The strange thing is that the same amount of data, table structure, operating system environment, this SQL has no problems on MySQL 8.0.18. Can calculate the result quickly and normally

How to repeat:
This exception occurs when the SQL in 1 above is executed in MySQL8.0.23. MySQL8.0.18 will not

Suggested fix:
Revert to be consistent with the MySQL8.0.18 version
[21 Oct 2021 13:37] MySQL Verification Team
Hi Mr. cheng,

Thank you for your bug report.

However, we can not yet further process your report for several reasons.

First of all, you are using and old release of the version 8.0. Please use 8.0.26 or 8.0.27 and let us know if you observe any changes.

Second, it is not clear from your test what kind of error are you writing about and what kind of exception are you oberving.

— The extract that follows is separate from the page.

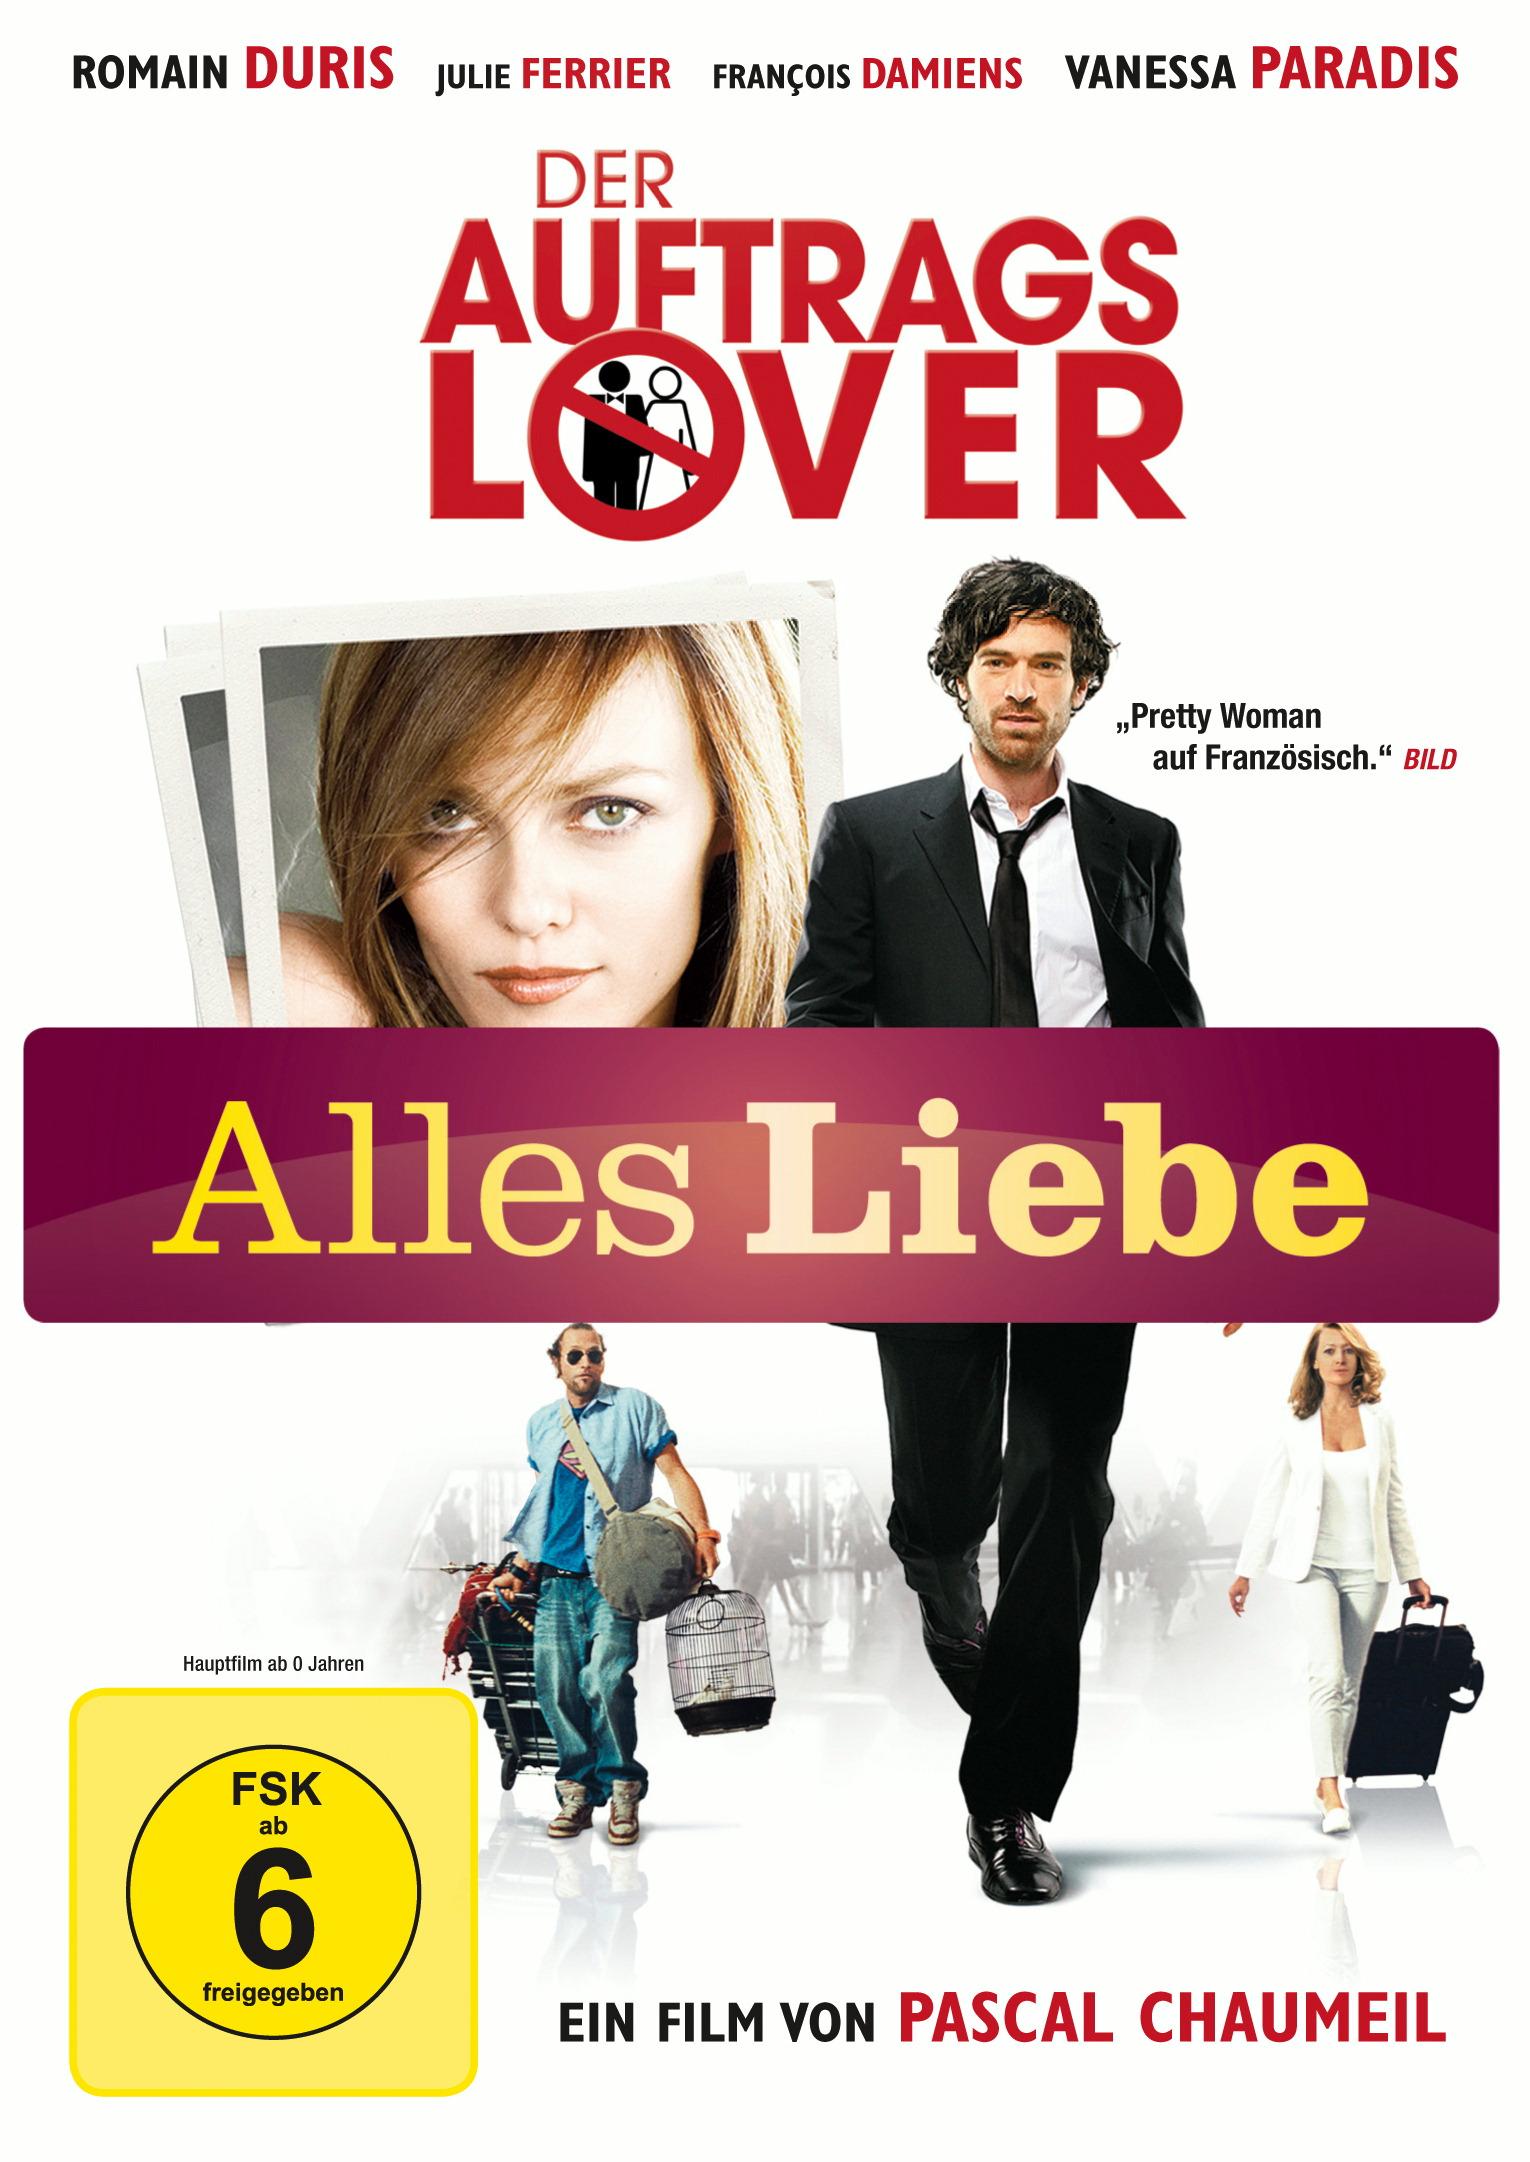 Der Auftragslover (Alles Liebe) Poster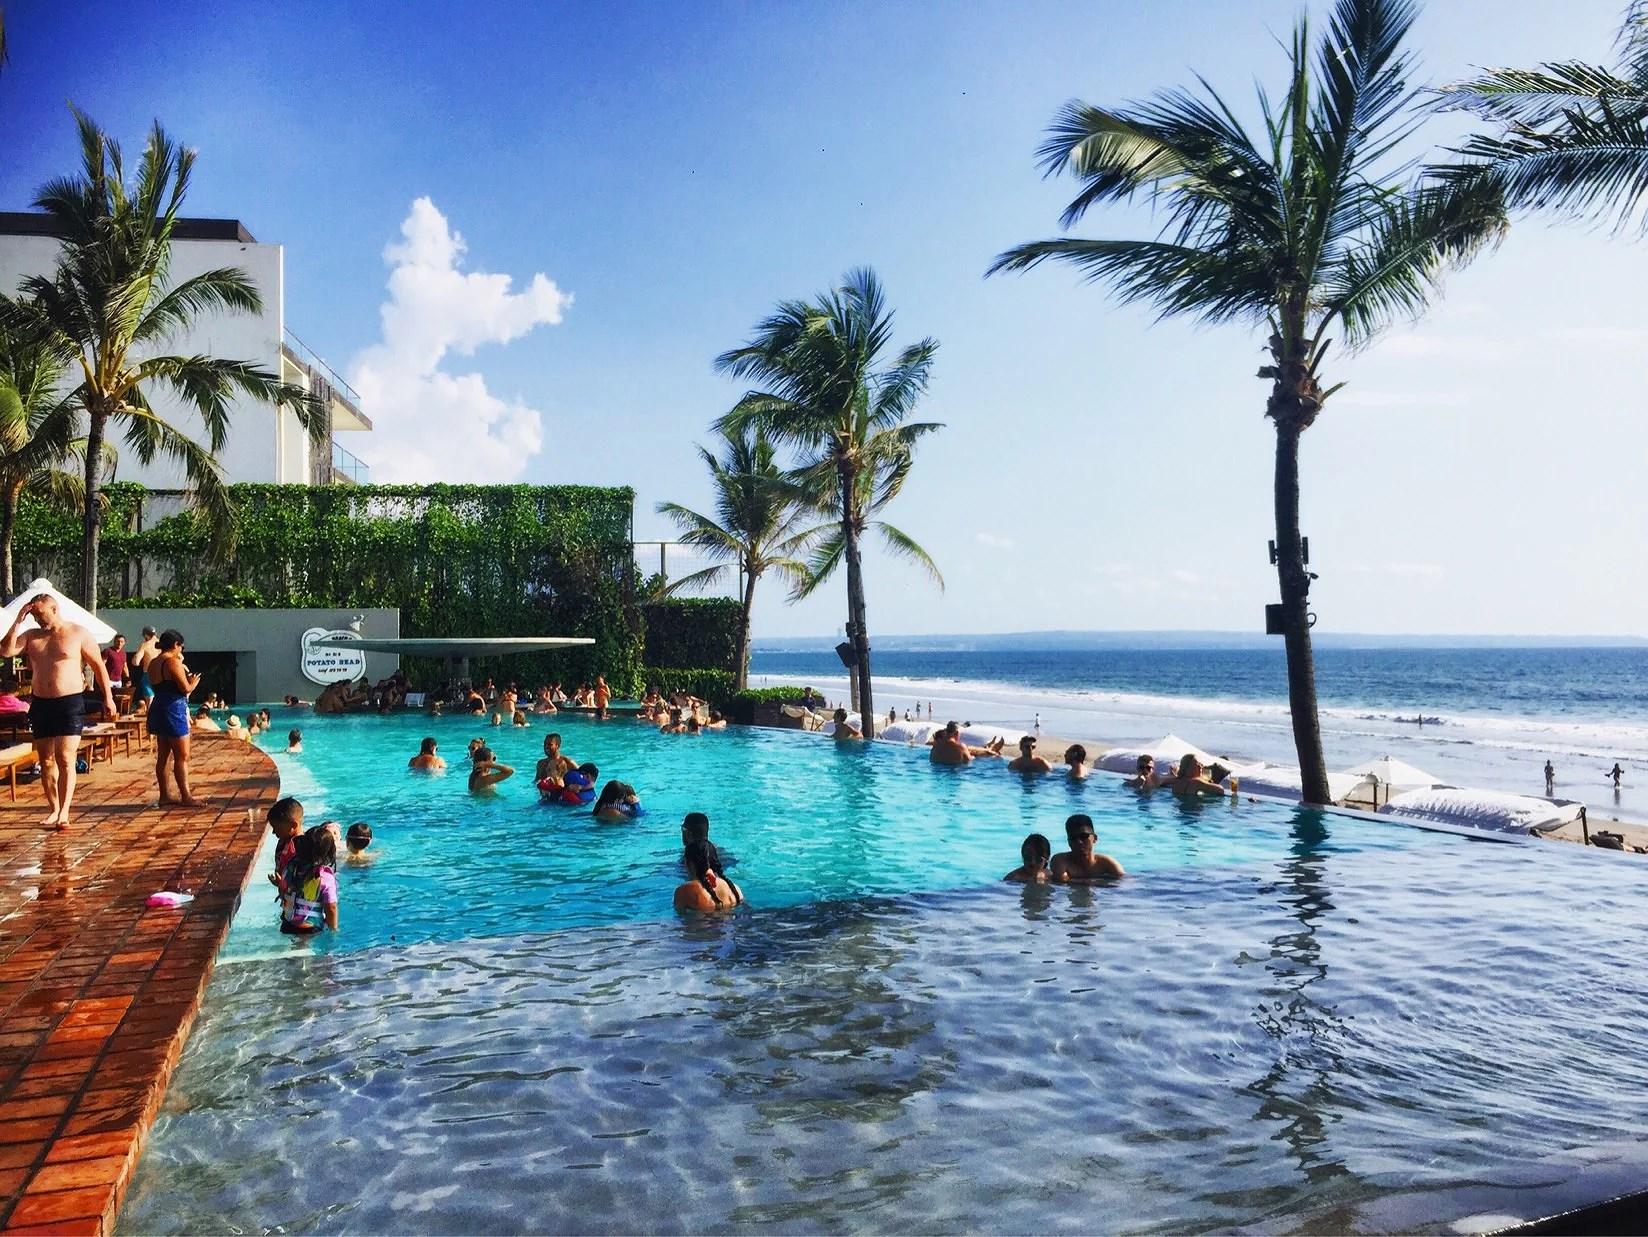 Bali, we need to talk...

This is vital for the processing of the report.

Next, your category is a user defined function and all that we see is one stored function, not user defined function.

Next, you are complaining about the timeout ..... Timeout could be a consequence of the badly written stored function and you have not supplied us with sufficient information. There are 16 (sixteen) different timeouts on MySQL 8.0 and we do not know which timeout do you get !!!!!

Next, timeout can be easily be a consequence of the badly written stored function. We. observe that you have written a loop that could be an eternal loop. The condition in WHILE could never resolve in FALSE, so you have got an always-running code. 

This is a forum for the bugs in MySQL server and utilities and not about bugs in the application's stored functions.